The only other issue I see is whether or not example.com has a lower valued MX than MX itself. If it does, no problem. But if not, you might end up trying to the lowest valued MX, which is MX itself. I know that sendmail has ways around this (relay, but ignore MX records), but I am not sure how Postfix handles this problem.
----- Original Message -----
From: "Chris Snyder" <gopher at 3wa.org>
To: "NOVALUG" <NOVALUG at calypso.tux.org>
Sent: Monday, April 5, 2010 10:45:34 AM GMT -05:00 US/Canada Eastern
Subject: [Novalug] postfix Q (my domain as a virtual domain)
Can anybody find a flaw in this concept? Because I can't, and it's looking
like a really nice option for a Postfix problem I'm having.
I have postfix listening for mail on the host mx.example.com. The host accepts
mail for local delivery (i.e. bob at mx.example.com) and it accepts all mail for
my domain '@example.com' (i.e. frank at example.com).
In the past when I've needed this type of setup, I've just added 'example.com'
to the configuration parameter 'mydestination' and added a few aliases under
/etc/aliases. The problem I have with this is now any local account on the
host can receive '@example.com' mail, for example, bin, admin, uucp, etc. I
don't want that, I only want the certain addresses to be able to receive mail
with an @example.com address. (I'm currently getting spam addressed to
uucp at example.com, this is just rediculous, IMHO.)
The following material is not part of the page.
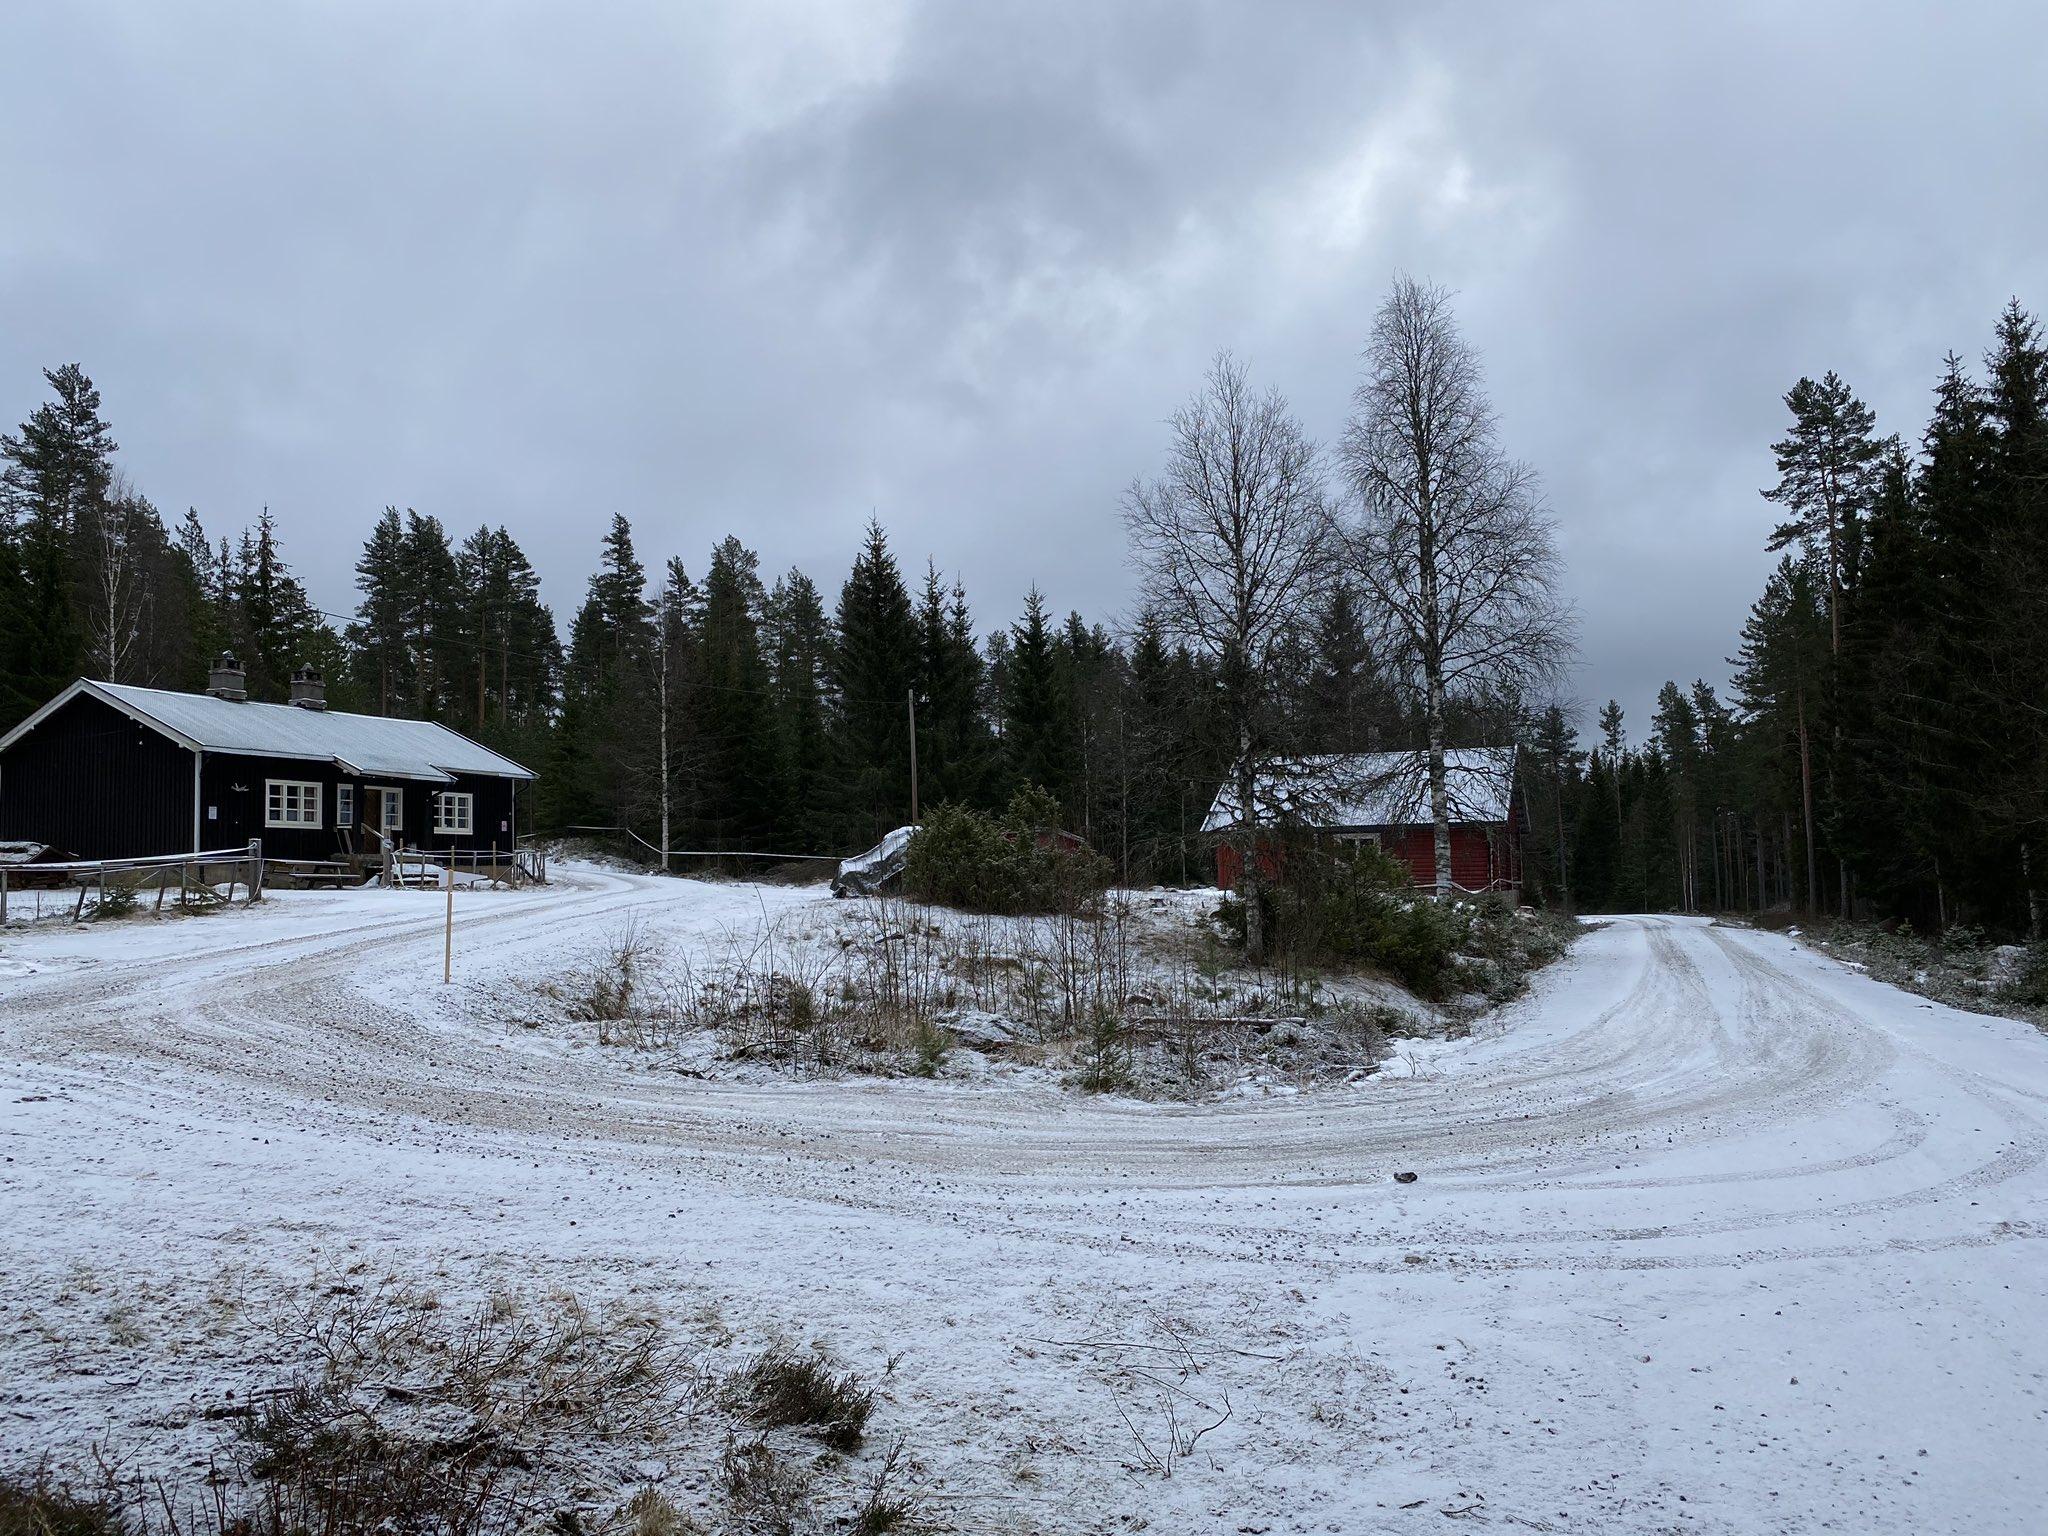 WRC: 68º Rallye Sweden [13-16 Febrero] - Página 2 EQkRfC5WsAAZ5q2?format=jpg&name=4096x4096

So I just found that if I treat 'example.com' as a completely virtual domain,
I can get around this problem:
myhostname = mx.example.com
mydomain = example.com
mydestination = $myhostname, localhost.$mydomain, localhost
virtual_alias_domains = example.com
virtual_alias_maps = hash:/etc/postfix/virtual
Now, all mail addressed to '@example.com' is treated as a virtual domain and
if an address doesn't exist in the file /etc/postfix/virtual it's ignored
(whereas, before if the account was in /etc/passwd or /etc/aliases, the
recipent was considered valid). On the other hand the only way to deliver
mail to a local user is to address it to @mx.example.com or send it from
localhost to localhost. But, this is exactly what I want as the only local
accounts that should ever recieve mail are the usual Ubuntu utility accounts
such as mysql, root, etc. and that's all generated internal to the host
So, am I missing anything here? Any major downsides to this? All the examples
on the net use the 'add your domain to $mydestination' approach and I can't
find anything like I've described, but neither can I find anything warning me
not to do it.
P.S. There is another solution where I could have simply kept '@example.com'
in mydestinations and then local_recipient_maps to have a list of approved
addressses, but this seems ugly and feels like extra book keeping to me.